Derrière Findus, les PAT
Ça fait du bien de rire. En ce moment, pour ça, (naturellement) il y a Findus ! Entre le faux pa-cka-ging de lasagnes sur lequel s’invite le Petit Poney, la parodie de publicité pour Krys montrant un cheval chaussé de lunettes devant le slogan « Avant j’étais un bœuf » et la fausse campagne de pub prêtant à Findus l’affirmation que le groupe est « très à cheval sur la provenance de ses ingrédients », l’affaire du canasson roumain recyclé n’a pas fini de susciter les moqueries.
On rit parce qu’il est difficile d’en pleurer : le problème est tellement étendu que plus personne ne songe à s’étonner. Moi aussi je ris quand je lis encore dans une boucherie que « tout est bon dans le cochon »… sachant comment sont fabriquées nos charcuteries « traditionnelles ». Mais ne rit-on pas aussi un peu pour oublier tout ce qui se trame de plus grave à la Commission européenne ? Couverte par toute cette agitation autour de la viande mal étiquetée, celle-ci vient ainsi de ré-autoriser les farines animales dans l’alimentation des poissons.
Bannies à la faveur de la crise de la vache folle, ces farines (ou protéines animales transformées, PAT), moins chères que les farines de poisson, doivent permettre de relancer le secteur de la pisciculture. Un argument qui, même si notre pays dit non à ce retour en arrière, aura du mal à ne pas séduire certains éleveurs qui voudront être concurrentiels face à leurs voisins européens. Le poisson étant largement importé, il va être difficile également pour le consommateur de s’y retrouver. Enfin et surtout, vu la transparence de la filière animale, ce n’était pas du tout le moment de réintroduire un maillon de plus dans la chaîne.
La Commission, pour le coup, est-elle sérieuse quand elle ose nous assurer que « la traçabilité [des PAT] sera exigée tout au long de la chaîne d’alimentation » ? À moins de vouloir nous faire rire, comment établir une traçabilité sur des sous-produits retraités quand on n’est même plus capable de reconnaître de la viande ?

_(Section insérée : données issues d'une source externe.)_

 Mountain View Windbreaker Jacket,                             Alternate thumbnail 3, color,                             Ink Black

L’opacité des étiquetages et, d’une façon générale, de notre alimentation transformée (congelée, réchauffée, hachée, recyclée, stérilisée, recuite…) n’est pas si grave concernant une simple confusion entre deux animaux (ou entre deux poissons puisqu’aux États-Unis, une étude vient de révéler que 59 % du thon consommé n’est pas du thon…) En revanche, elle l’est bien plus au regard de tout ce qu’elle permet aux industriels de faire passer dans nos assiettes. Du thon au porc, cela fait bien longtemps qu’on ne sait plus qui manque quoi, et qu’on ne sait plus qui accuser de fraude !

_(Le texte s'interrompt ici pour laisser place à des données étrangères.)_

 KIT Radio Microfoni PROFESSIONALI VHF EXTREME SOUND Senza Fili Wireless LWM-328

Dans ce contexte, rappelons que le bio, en même temps qu’il apparaît comme une alternative possible (cette année, tous les grands quotidiens lui ont consacré leur une pour saluer l’ouverture du Salon de l’agriculture) est lui aussi menacé. Parce que le lobbying bat son plein à Bruxelles.
Ne soyons pas dupes du récent sondage mis en place par le commissaire à l’Agriculture. Au vu de la formulation des questions, il pourrait bien servir de base à de nouveaux compromis sur la certification bio… « Vérifier l’absence de résidus de pesticides dans tous les produits bio augmenterait les coûts de production, et donc le prix de ces aliments. Faudrait-il quand même rendre cette mesure obligatoire ? »

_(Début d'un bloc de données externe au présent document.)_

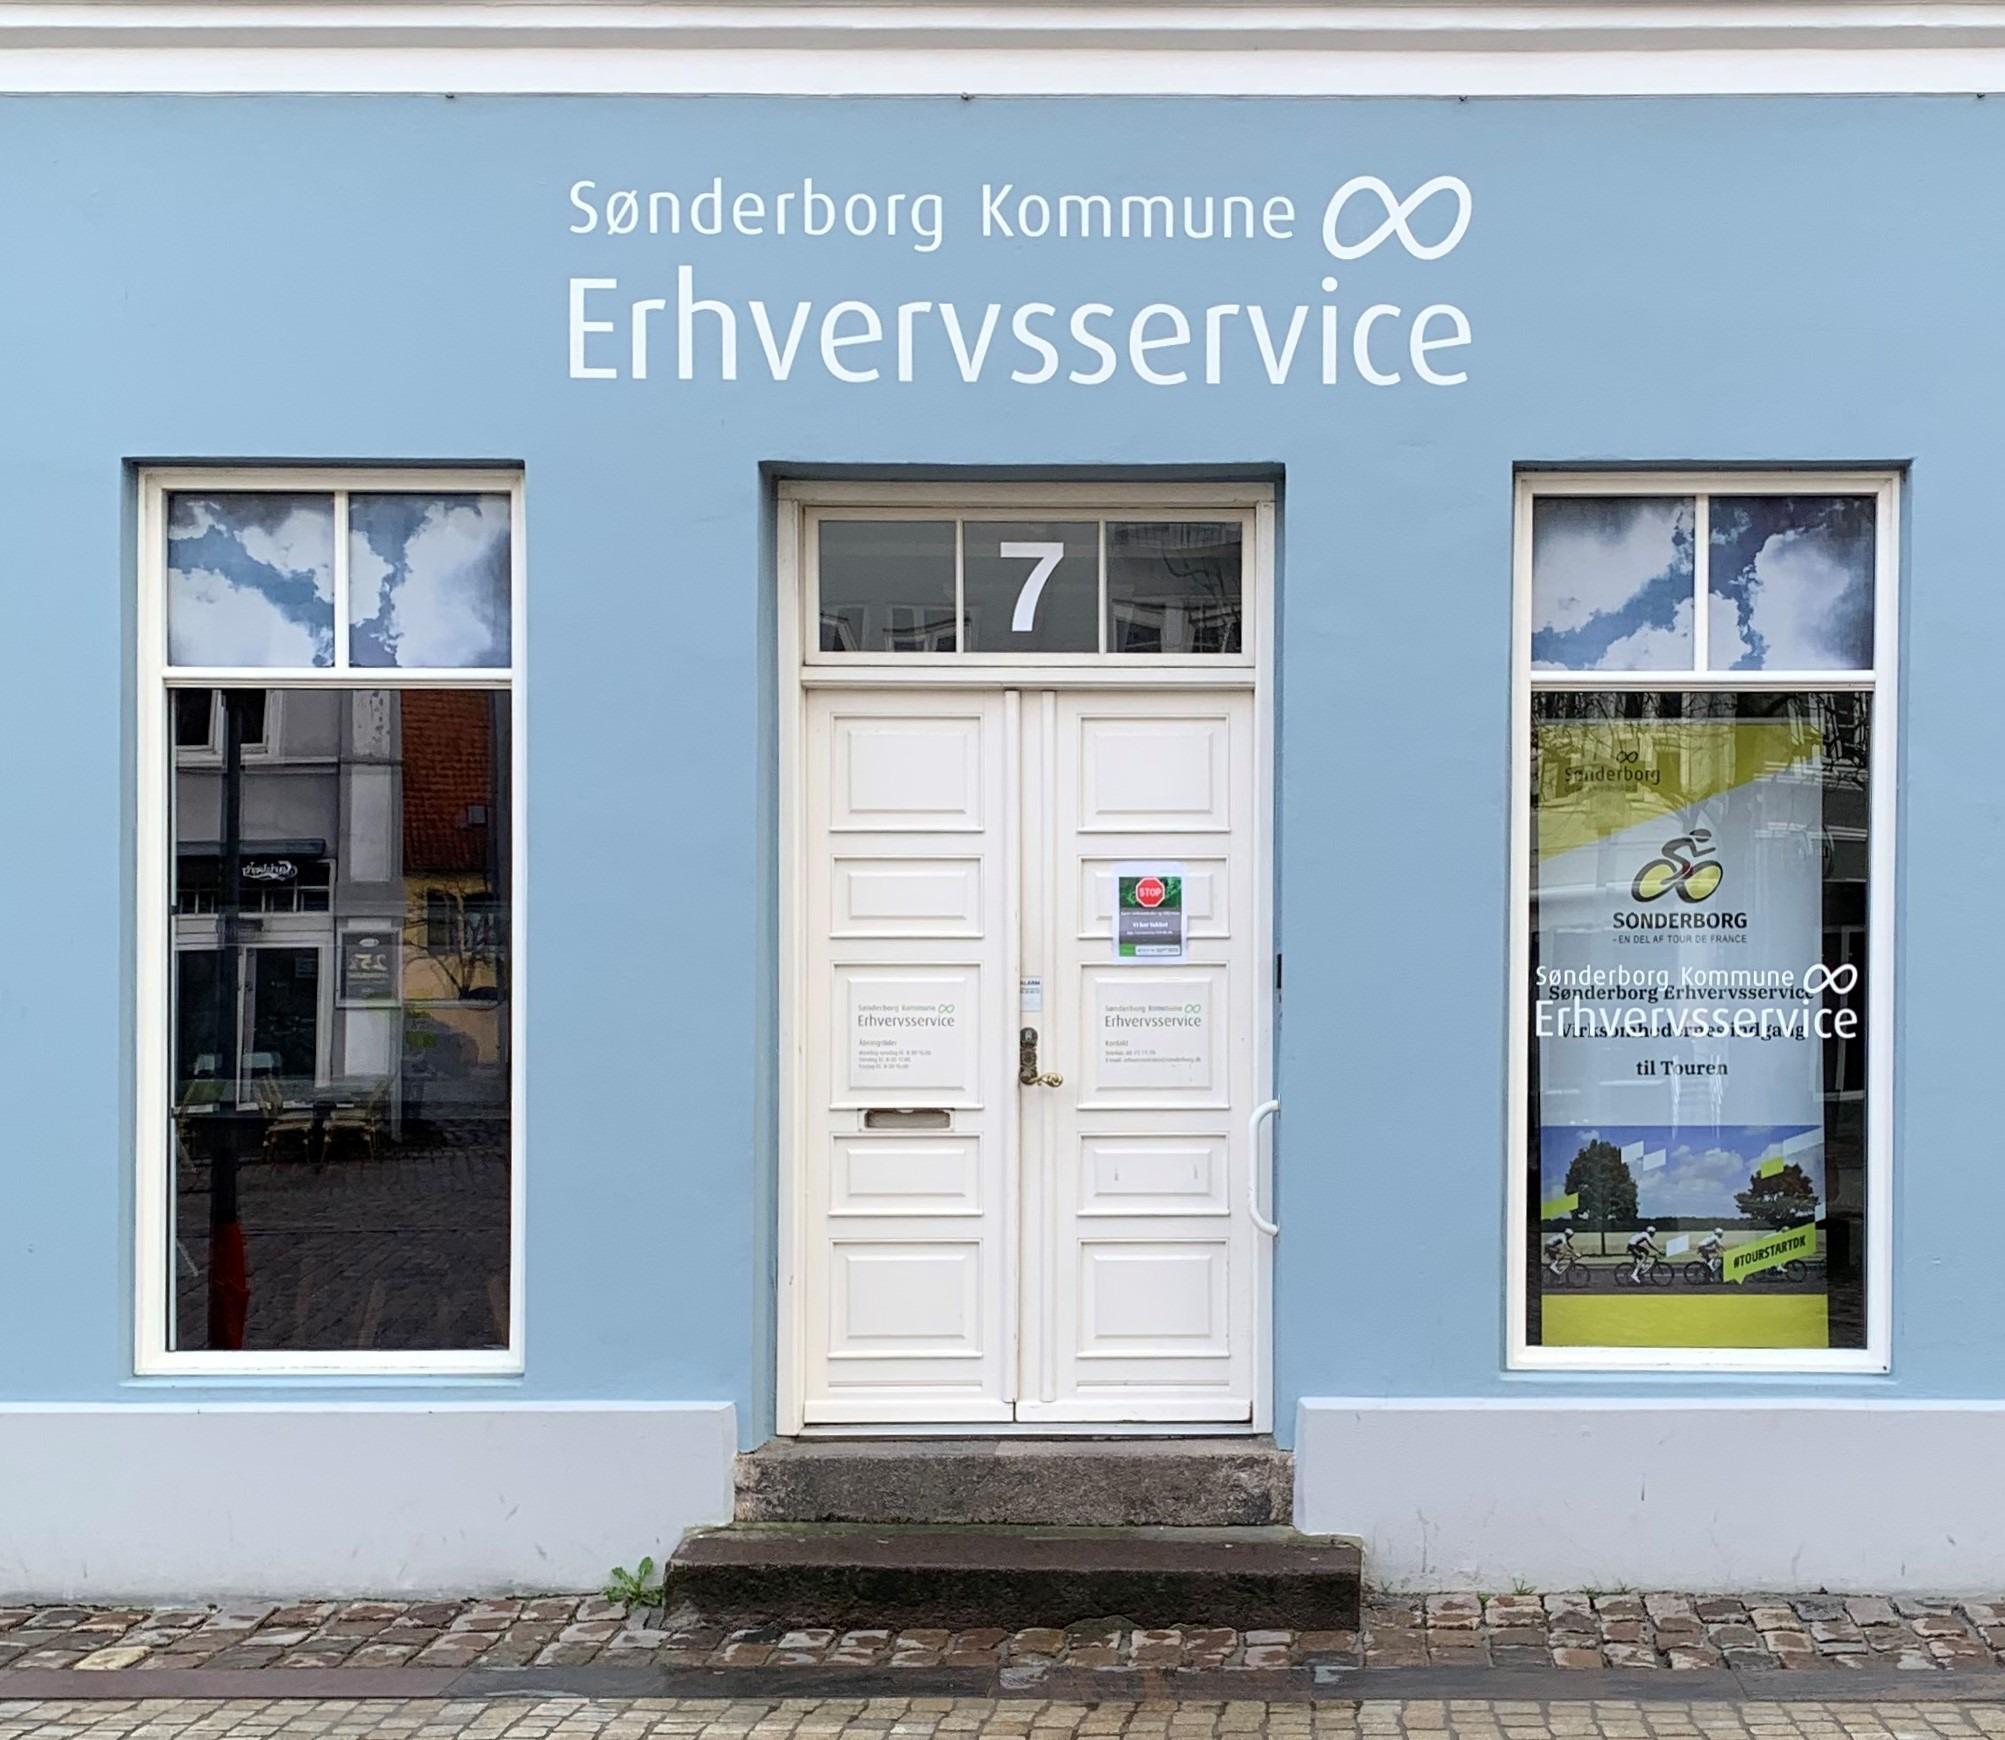 Mennesker på café i Sønderborg

Il faut bien sûr répondre à ces questions, mais, comme le rappelle une lectrice de Bio Info sur notre page Facebook, n’oublions pas « que les producteurs se sont mobilisés en masse […] contre la loi qui voulait faire passer la part d’OGM dans le bio à 0,9 % du contenu et que malgré cela, [cette loi] est passée ».
Face aux autorités qui ne manquent pas de sens comique, essayons, nous, de garder notre sérieux.